The Thirst for Annihilation: Georges Bataille and Virulent Nihilism
C**M
Five Stars
Arrived in perfect condition and it was a great price
Y**1
Hard lessons for Pollyanna
The preface is an "apology", and took some traversing; still, I learnt something about how the writer has internalised the lessons of his teachers. But then we get to the substance! The first three pages of the first chapter taught me more about the achievements (and failures) of the Western philosophic tradition from Kant onwards, than I ever learnt in as many years of studying "Philosophy" at University. One could hardly claim that Land was an Enlightenment author, but he surely is enlightening - and informative.
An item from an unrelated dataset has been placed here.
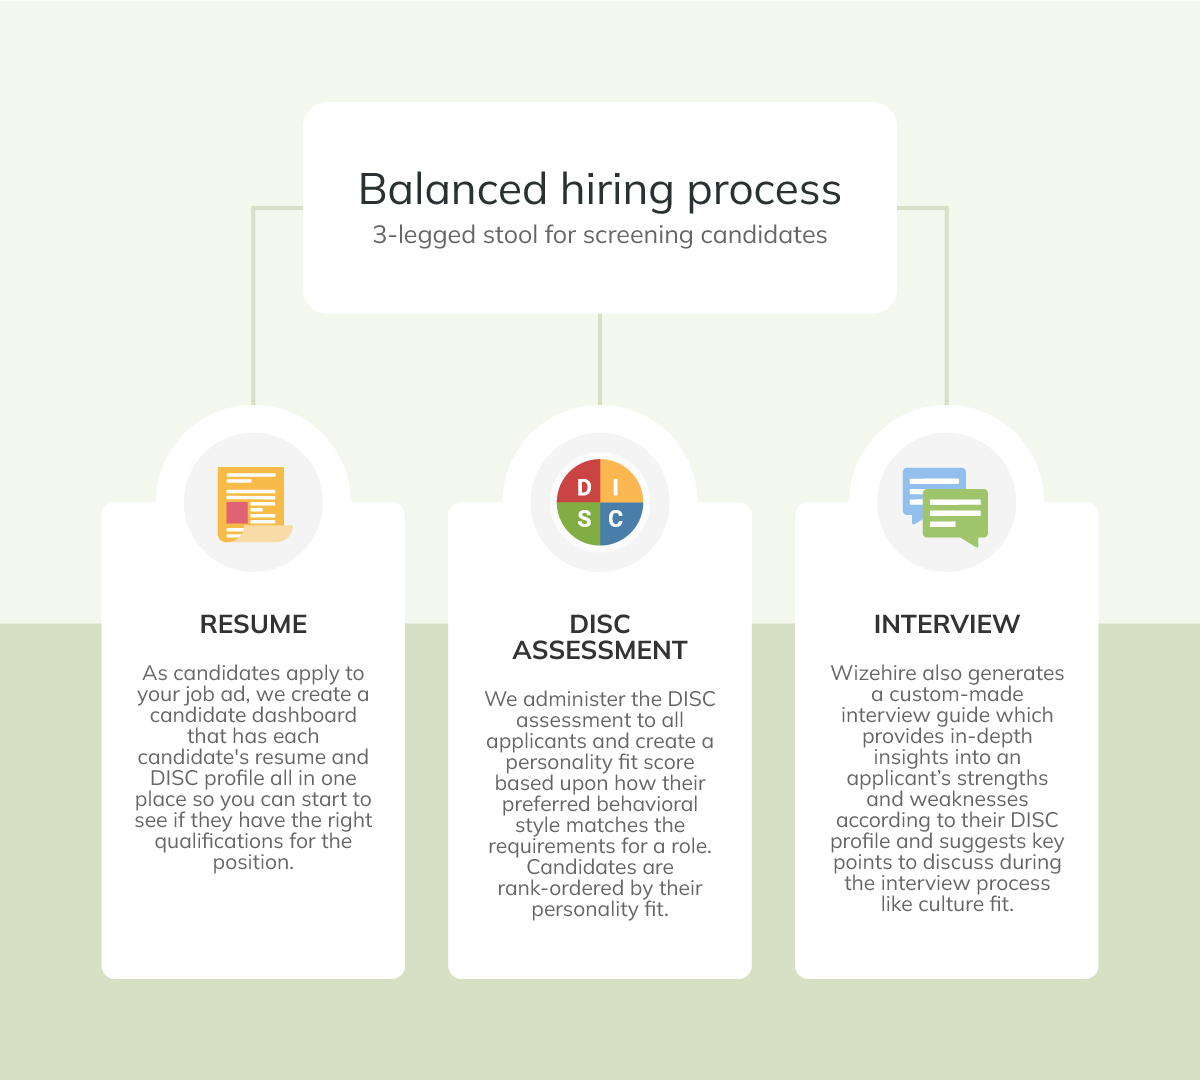 graphic that says "Balanced hiring process"

And I don't find his writing style clear or finely crafted, but it still serves to communicate his valuable judgments on several major philosophers' works. I'm very glad I took the time to read Land on Battaille. Some of the hard thought it requires will be spent in disentangling his unnecessarily complex sentences; but the rest is the very stuff of philosophy - thinking hard about hard questions with, most probably, hard conclusions. For the most probable answers to the serious questions, which we all have, may dismay us more often than they give us solace. Which would be a poor excuse for shirking the issues they raise!
J**S
The Absolute Madman
My professor suggested this book to me. I read it and after finishing it, I was inspired to annihilate myself by doing acid every weekend for a year. That year was about as weird as the book is to read.
A**O
This piece of hole for madmen
I cannot compare reading this book to any other book I have read. It is not a poem. It is not a fiction. Philosophy? No, obviously not. Nick Land curses philosophy and everything about it but its philosophical chapters are sharp, intelligent, rich and mysteriously gloomy. If demons wished to write a book, all together, then you could expect to read this book. Gilles Deleuze and Flix Guattari once shouted "they are already a crowd". Thirst for Annihilation has been written by a legion. Nick Land deserves to go to hell because of writing a book like this, feit de viande et de sperme fou. I cast my vote with the close-minded reviewer who has given such a book just one star: "Don't read this book." It has not been written for you, human!
J**O
Unrateable
Goodness, what an ... odd book. I picked it up in essay crisis mode (i.e. I grabbed anything in the library with the word Bataille in the title) and that's how I encountered Land's book. I have never read anything odder in my life. If you're after a straightforward Bataille crit, then this is not the book for you - it has about 2 useful pages'-worth of material in it. If you want to feel like you put your head into a tumble-dryer full of acid and leprechauns and things, then give this book a go. Land's approach to Bataille is a two-way process - he engages with Bataille's thought, and his writing is very much an attempt to write in an authentically Bataillean way. Hence the descriptions of drunkenness, of anger, of madness. You certainly couldn't accuse Land of being conventional. And the dedication is hilarious - worth the cover price by itself.Read this and expand your mental borders a bit.
S**M
Nick Land and Victor Vitanza
I remember when i was student and studying this book with Prof. Victor Vitanza who loved this book. we grew up with this book, Lyotard's libidinal economy and DG's Anti-Oedipus. We discussed that Nick Land's book is an independent work which itself is a masterpiece or at least too thrilling to bear. Although this book is very difficult and english is my second language but it is the best book i have ever read so far. this reviewer who has given it one star either doesn't understand bataille at all or has some personal issues with the writer. i don't wonder how UK reviewers hated this man when he did a radical thing and went to China and started to work as an unknown columnist. his later texts and his writings on America and War should be read with no moral presuppositions as this great book suffers no morality; i imagine they have hidden purposes behind thier clear messages. i don't exaggerate when i claim Nick Land is the bravest writer in our time compared to Lautreamont, Celine, Vian, Sade and Bataille himself. It is too much to ask UK readers or other enemies of this book and its writer to put thier hatred and rigid values aside and look deep into this book. if i could only offer this book 10 stars...
C**N
Onanistic hubris
Quite simply the most misguided, irritating, self-indulgent...let's just say the worst text ever written on Bataille (although I certainly do not limit its putrescence to Bataille literature alone). On every page this author is practically screaming, "Look at me! I can be like him! I'm the Ass who saw the Angel (yes, he wishes he were Nick Cave too, I imagine) I can write like him!". Seriously... perhaps the lowest point...an anecdote...a guy walks into a bar and explains to the bartender that he just cut the throat of God. It doesn't, nay can't get any worse than this.
P**S
Five Stars
A light-hearted summer read. Bring it to the beach!